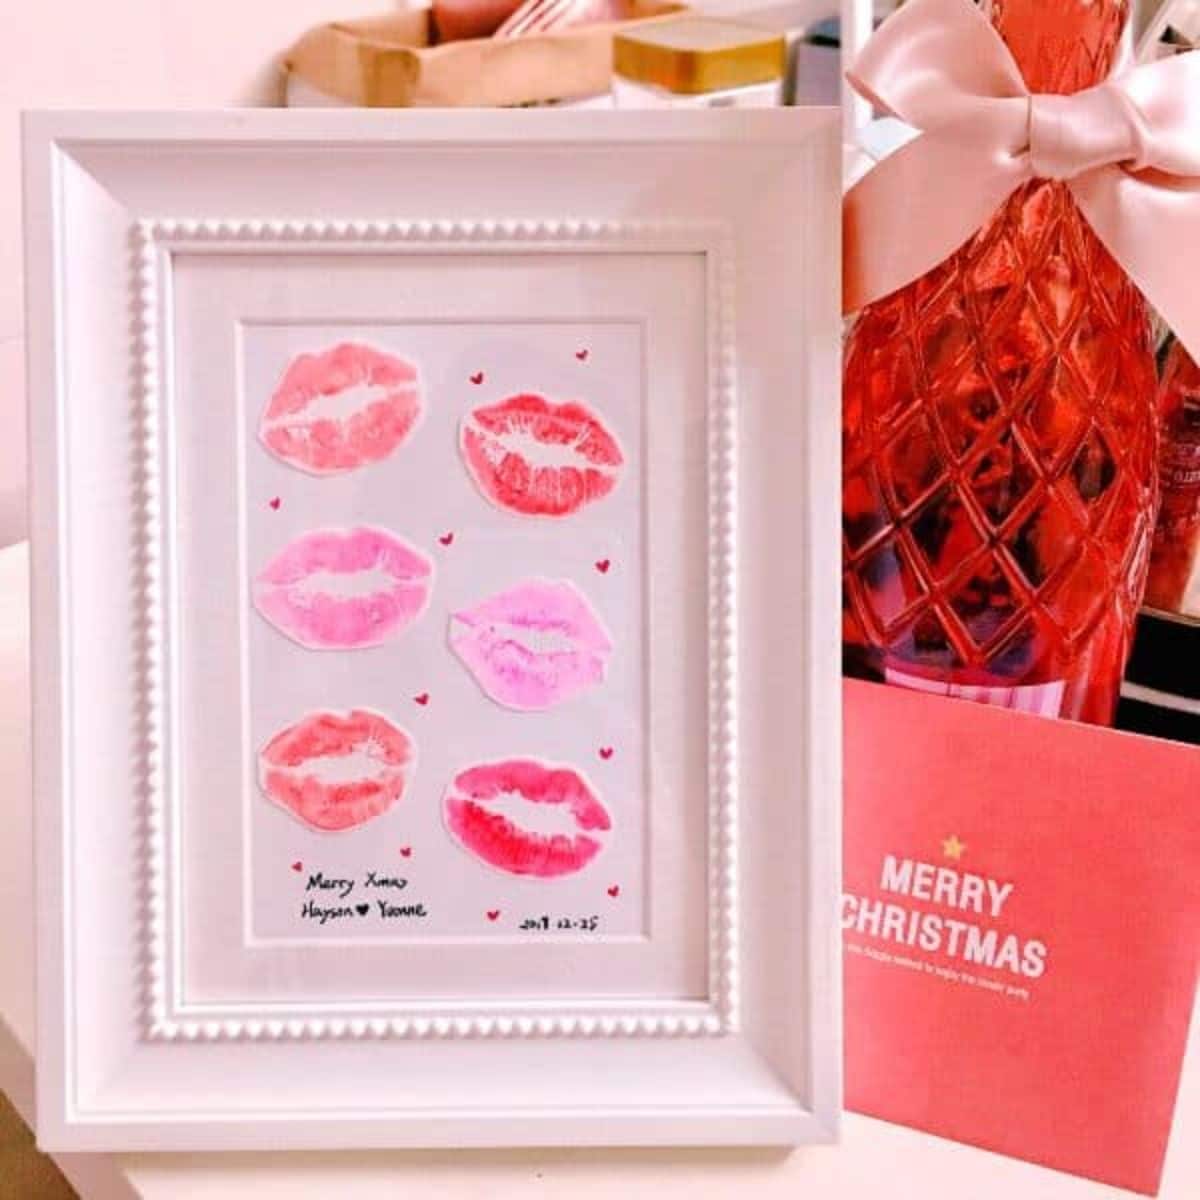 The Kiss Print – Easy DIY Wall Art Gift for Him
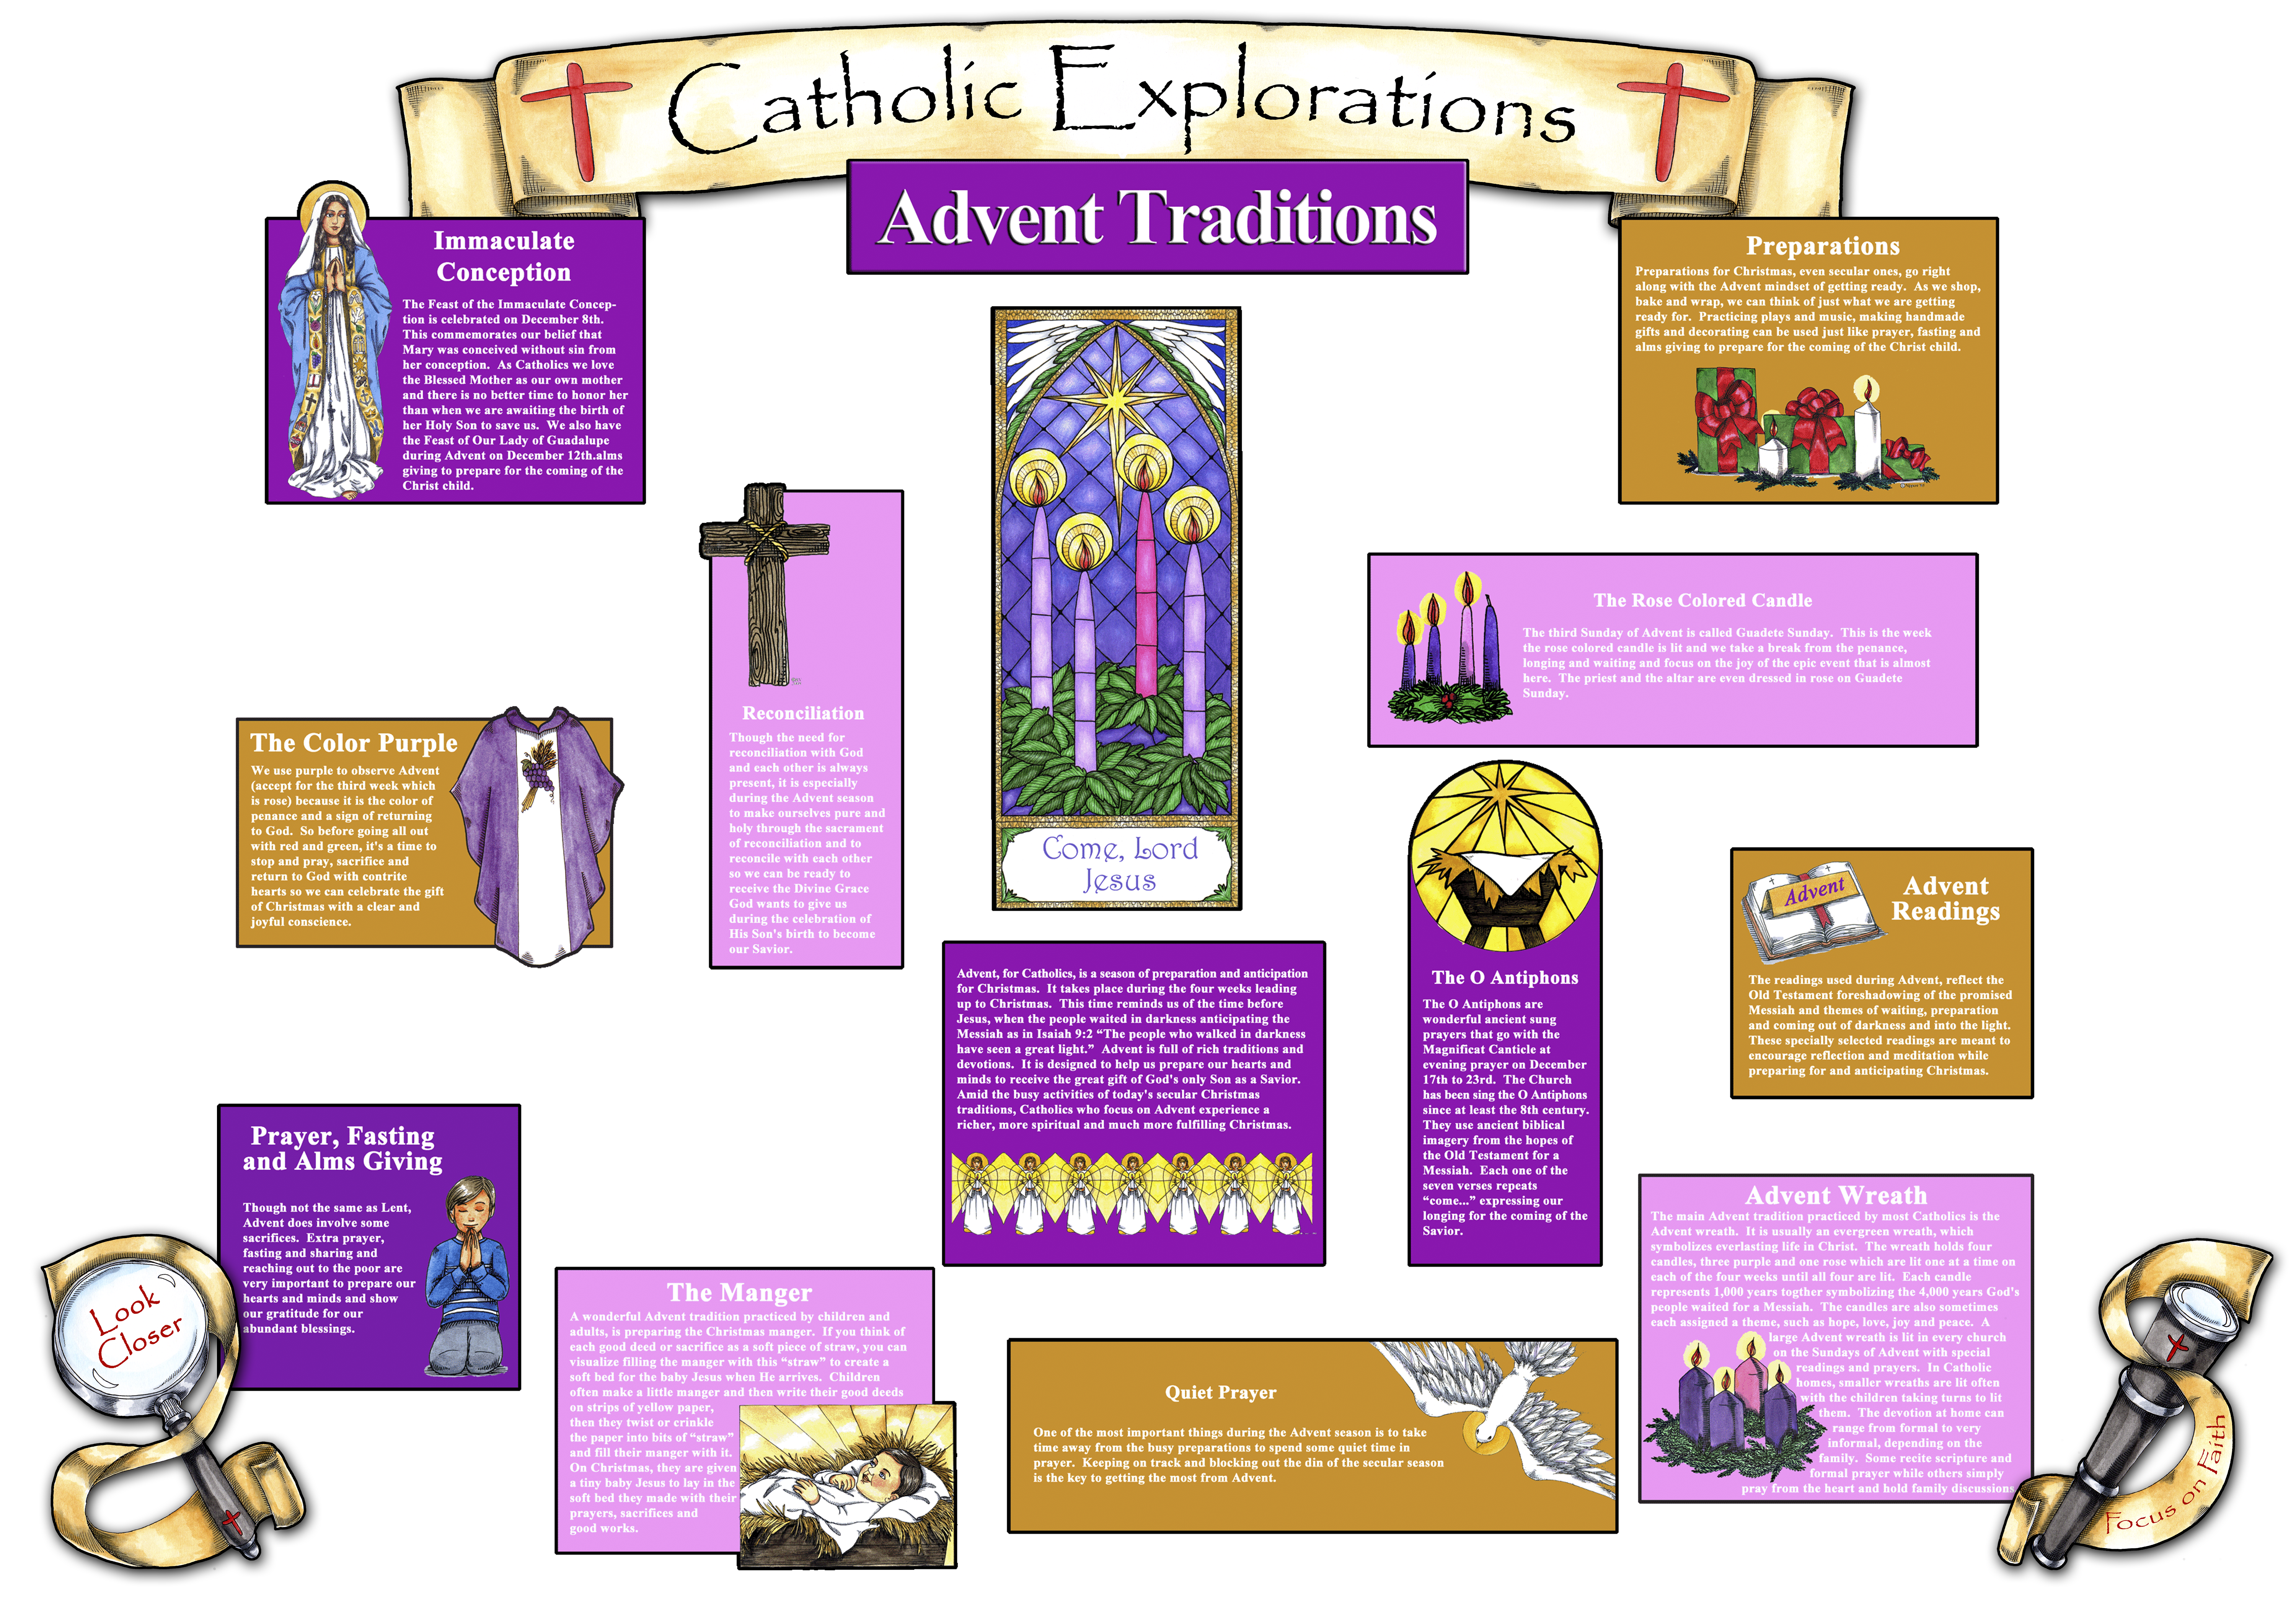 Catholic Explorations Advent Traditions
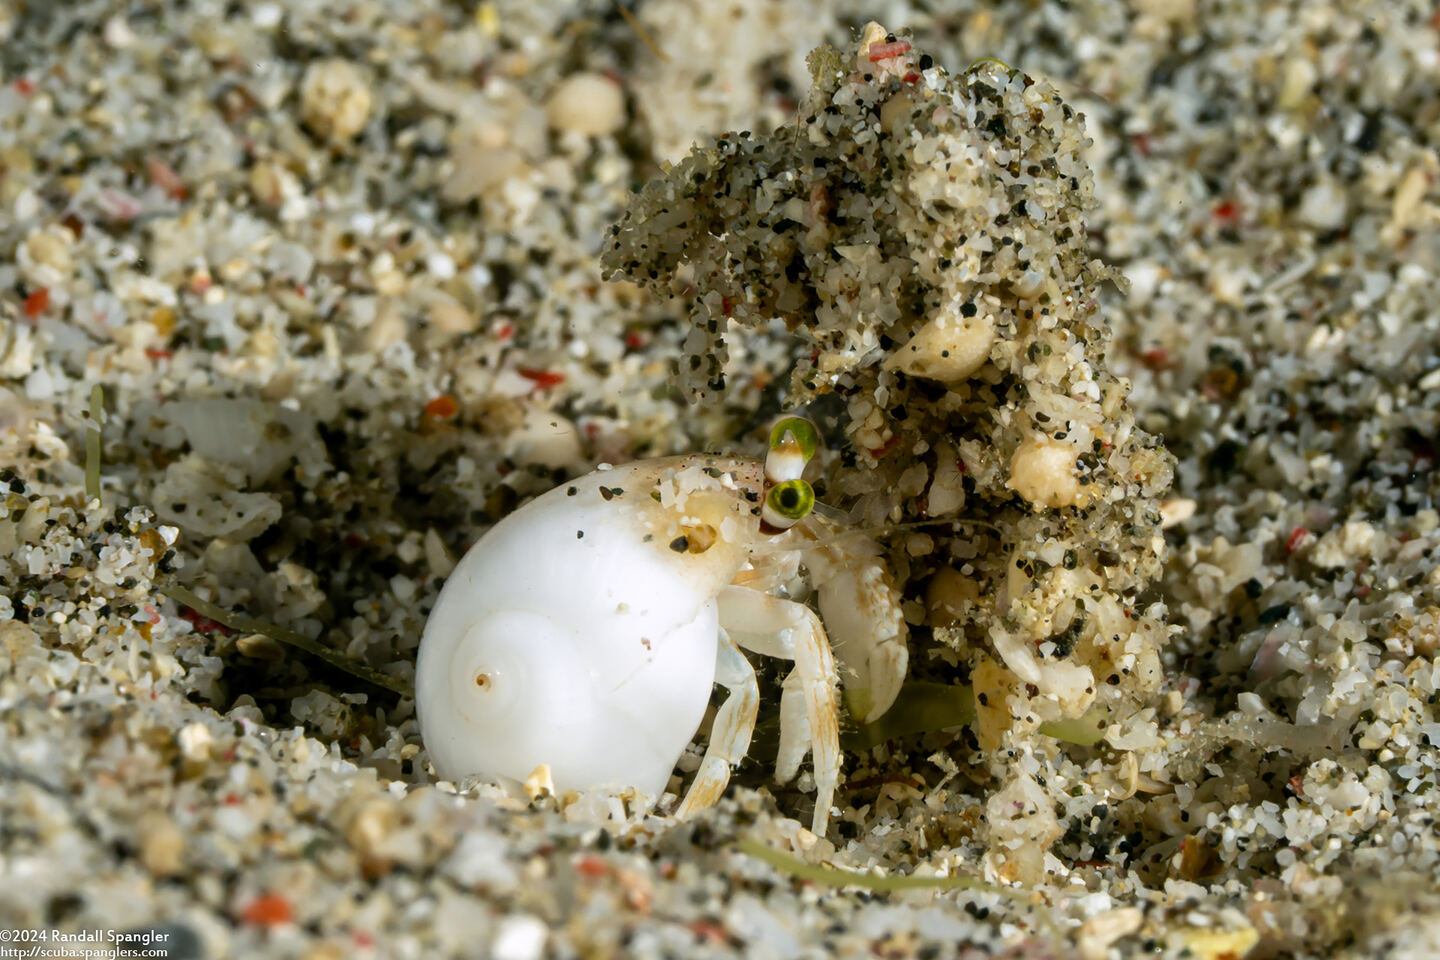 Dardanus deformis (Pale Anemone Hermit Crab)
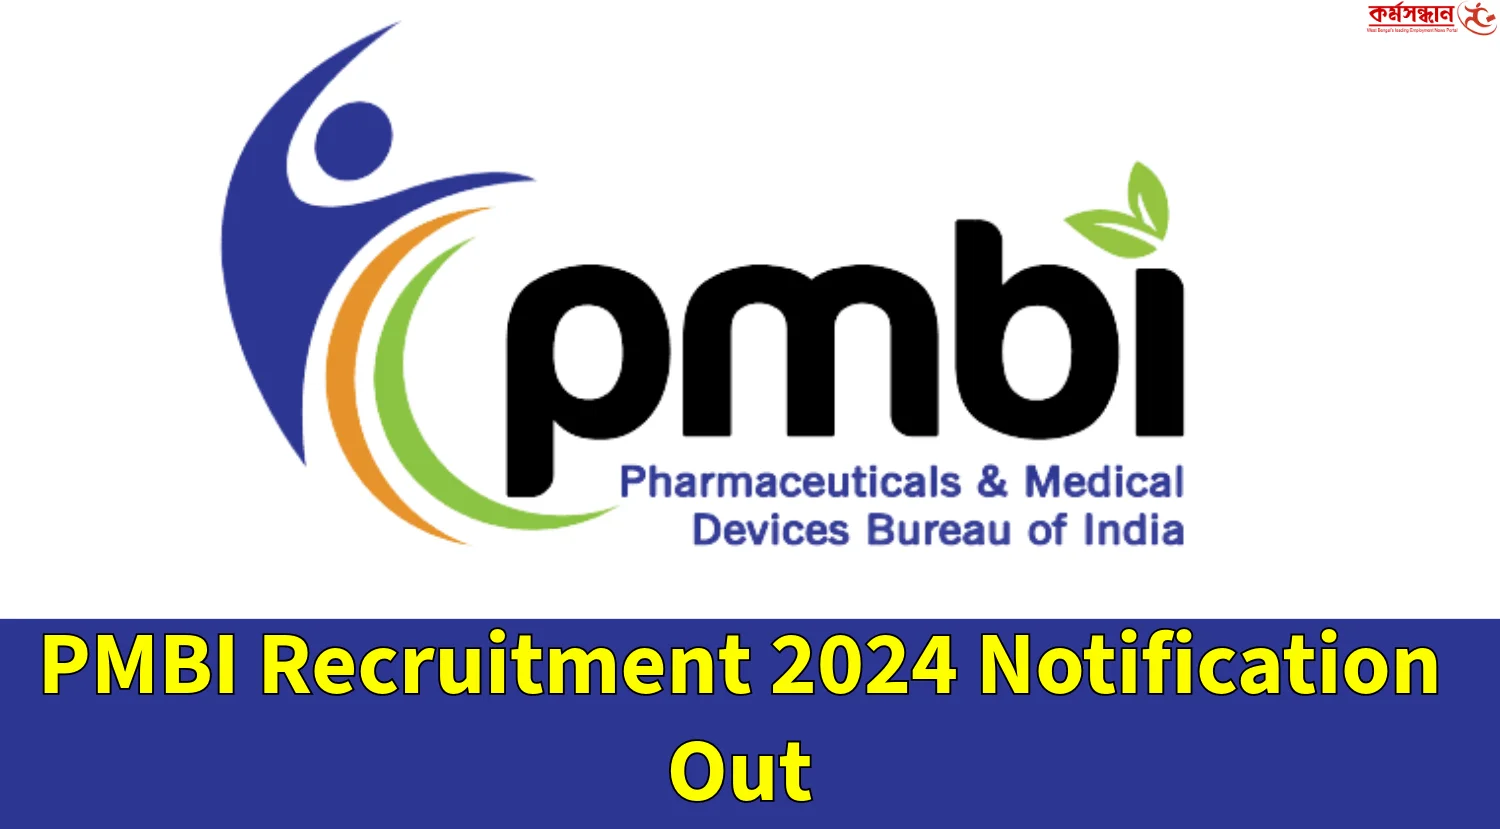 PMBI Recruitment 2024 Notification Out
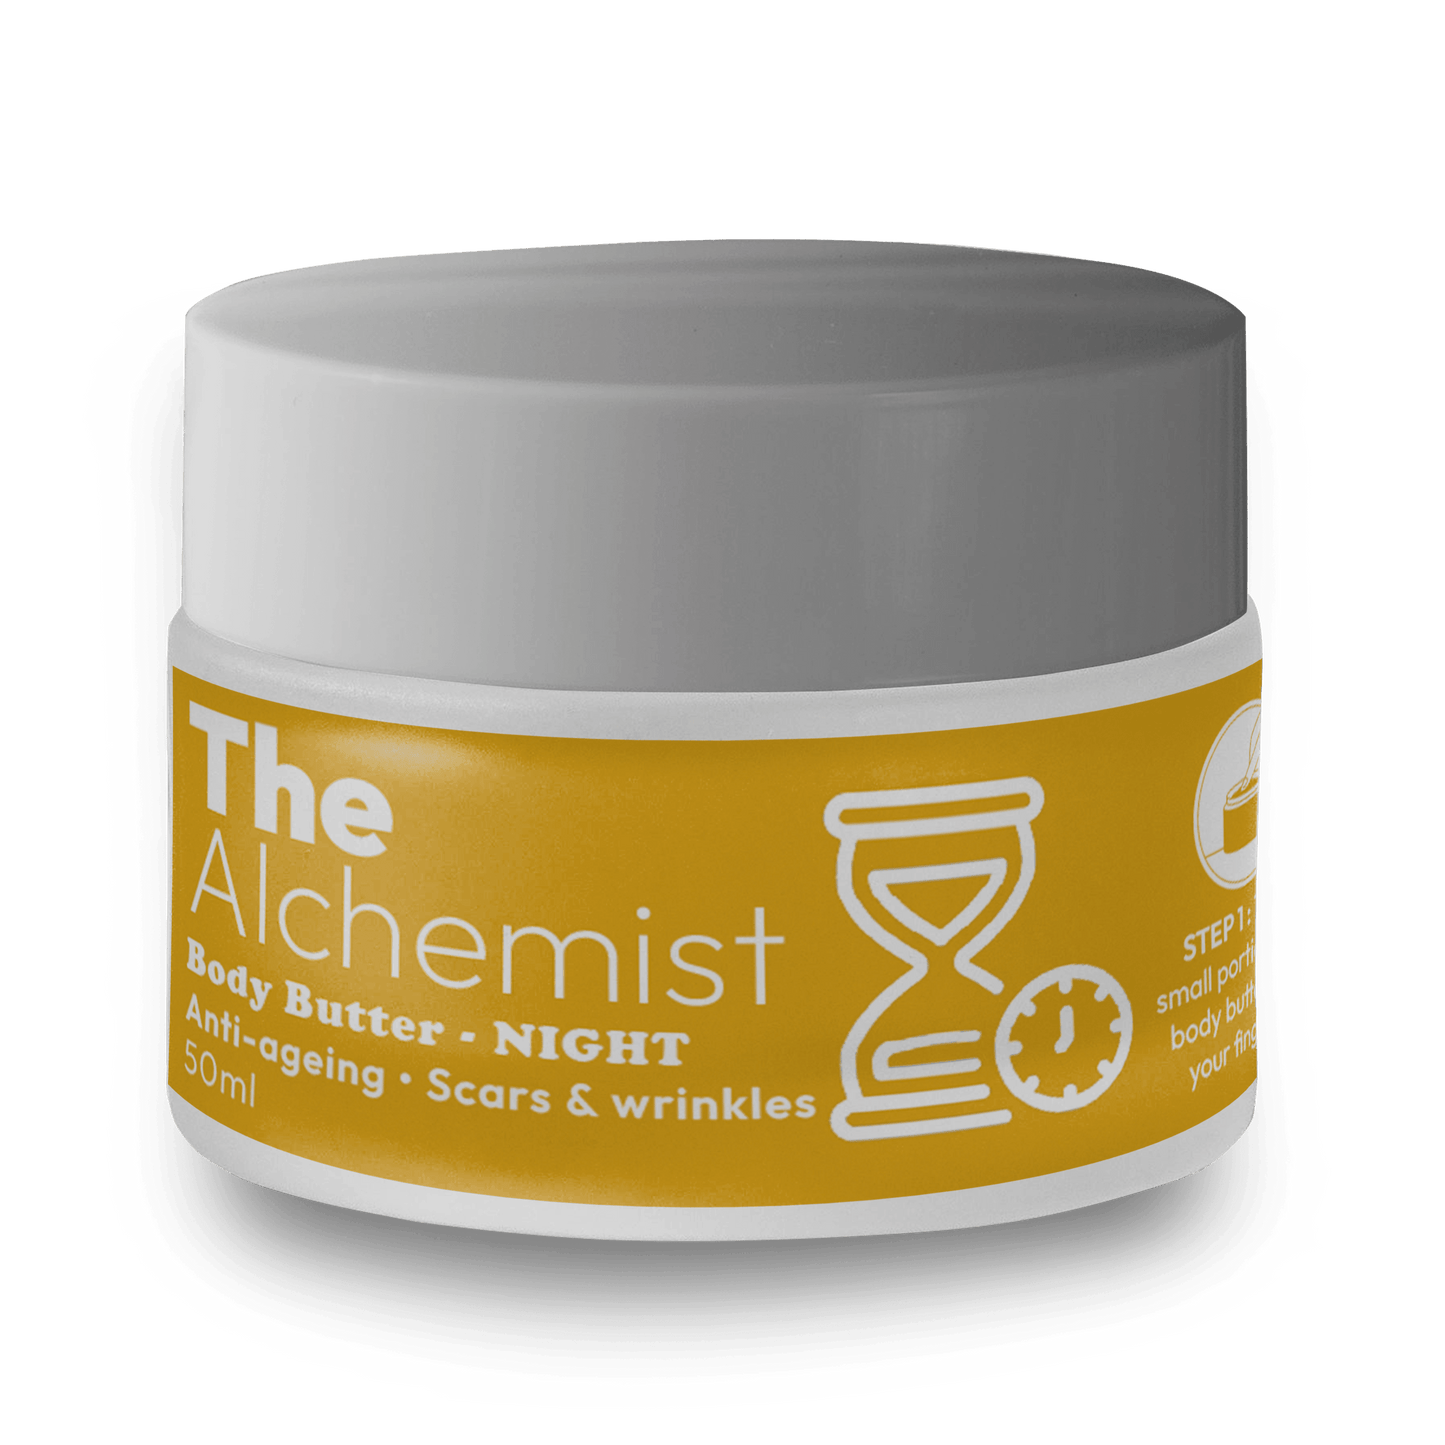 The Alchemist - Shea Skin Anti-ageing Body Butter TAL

◆ **What this task involves**
Copying starts at the line containing "PMBI Recruitment 2024 Notification Out" and ends at the last line of the material above; repeat only those lines exactly and omit the pictures.

◆ **Solution to this problem**
 PMBI Recruitment 2024 Notification Out
 The Alchemist - Shea Skin Anti-ageing Body Butter TAL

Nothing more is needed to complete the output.